** DATA SECTION **
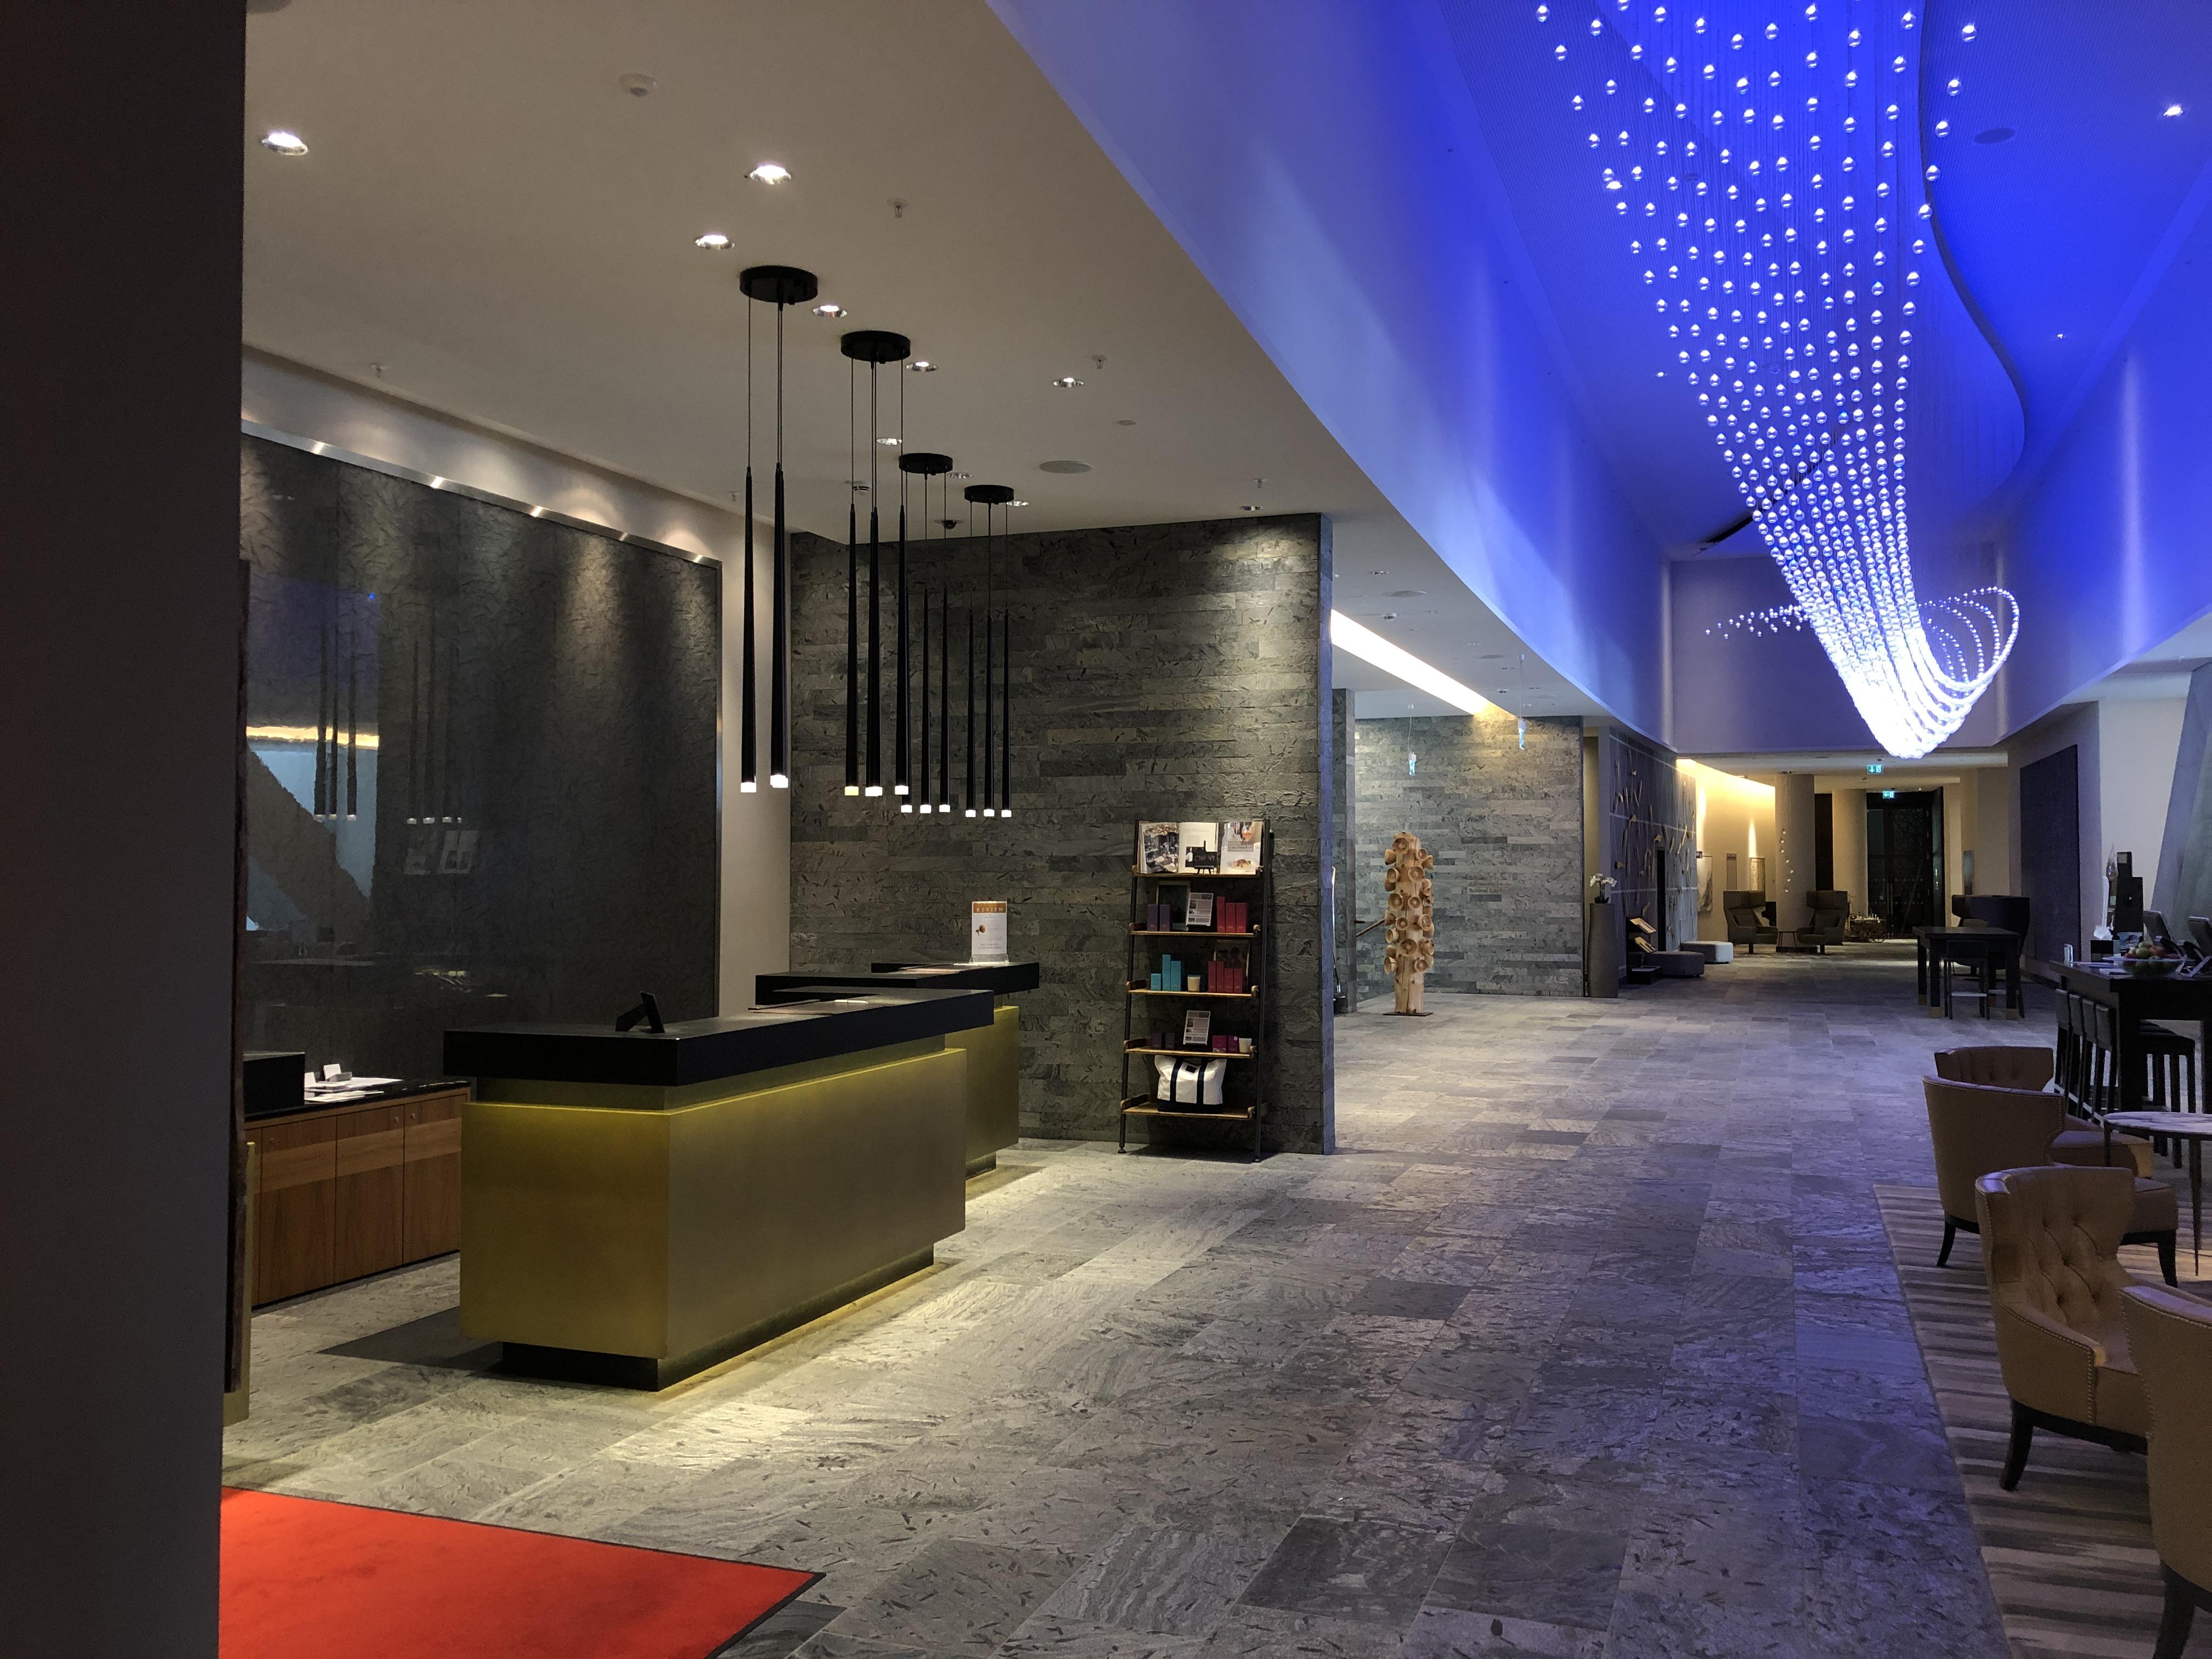 Hotelpunkte in Avios umwandeln und 35% Bonus erhalten
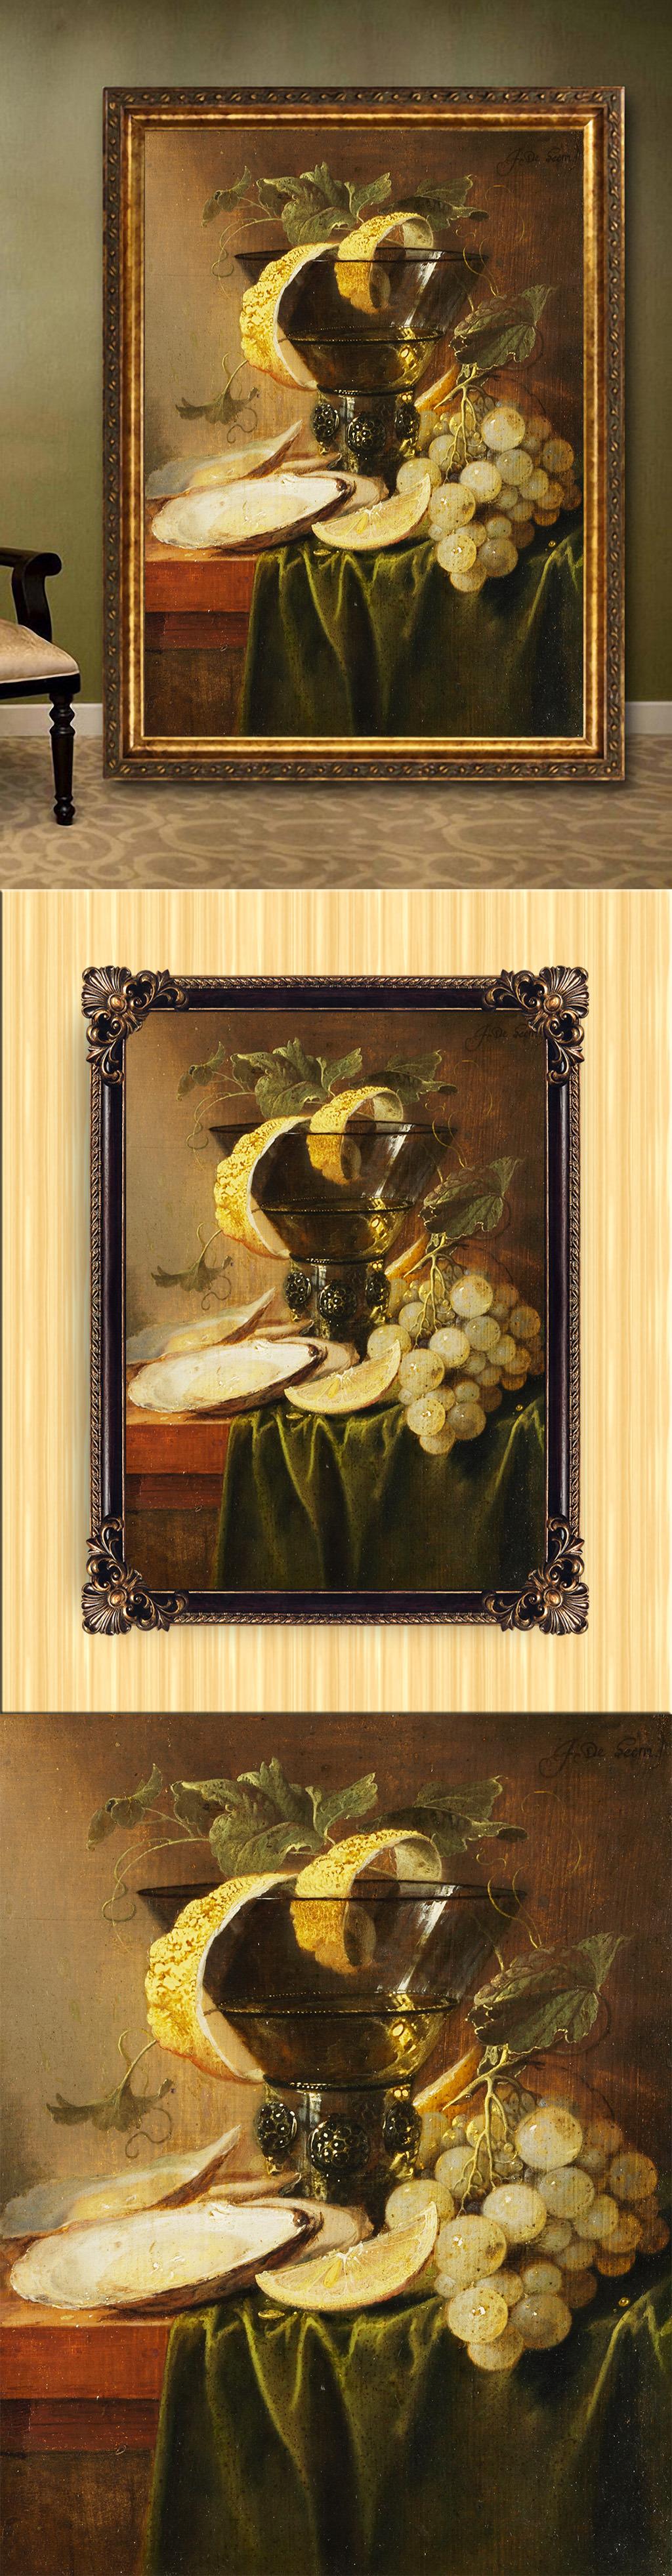 背景墙|装饰画 油画 静物油画 > 手绘古典风格静物水果花瓶油画  下一
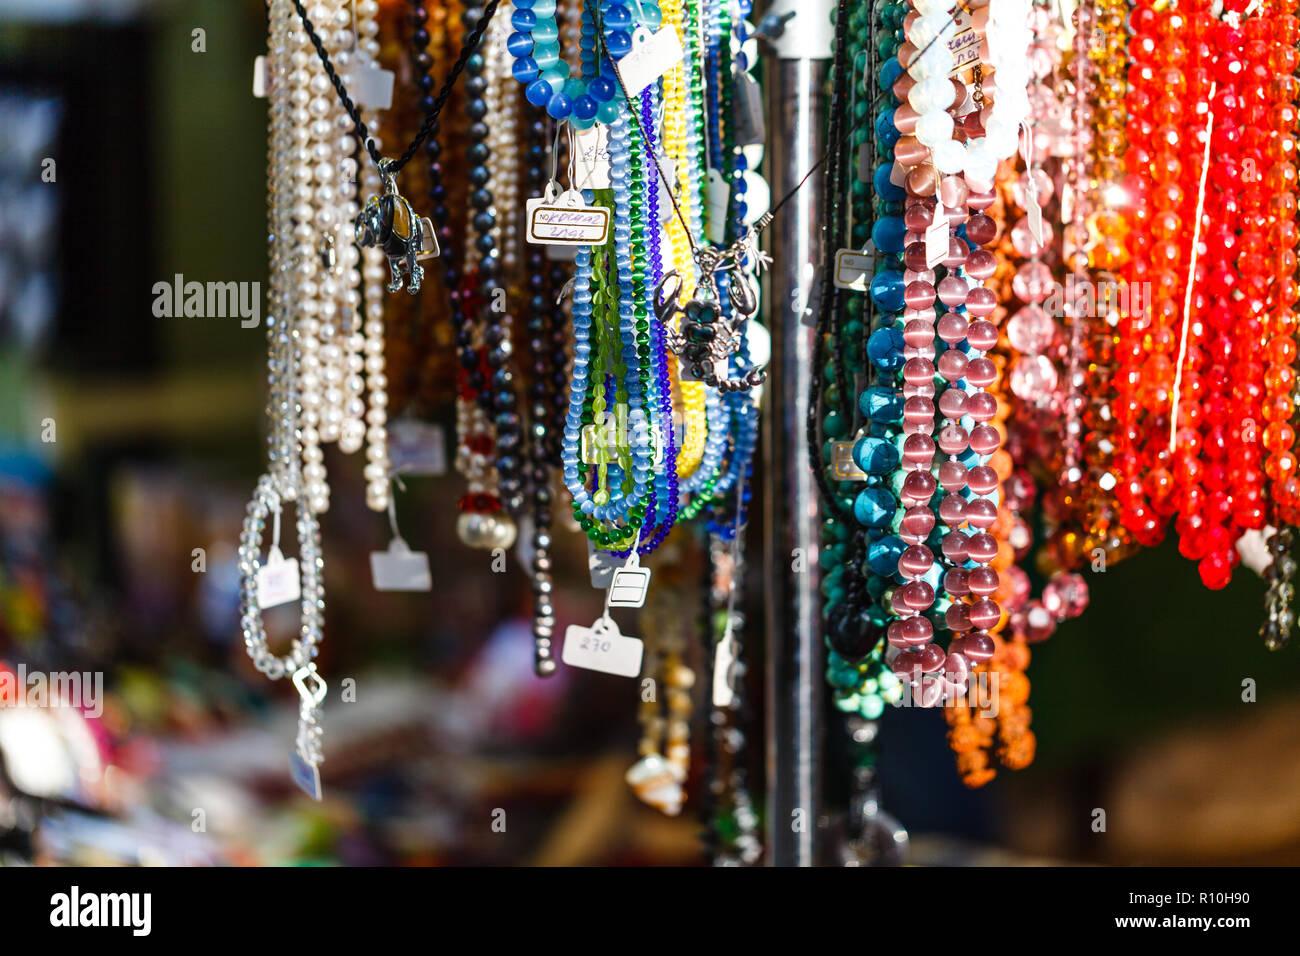 Les Bijoux de costume dans un magasin de détail de rue Photo Stock c019727a50a4

** WHAT TO PRODUCE **
Every line above should be transcribed exactly, though no image should be carried over.

** SOLUTION TO THE PROBLEM **
 Hotelpunkte in Avios umwandeln und 35% Bonus erhalten
 背景墙|装饰画 油画 静物油画 > 手绘古典风格静物水果花瓶油画  下一
 Les Bijoux de costume dans un magasin de détail de rue Photo Stock c019727a50a4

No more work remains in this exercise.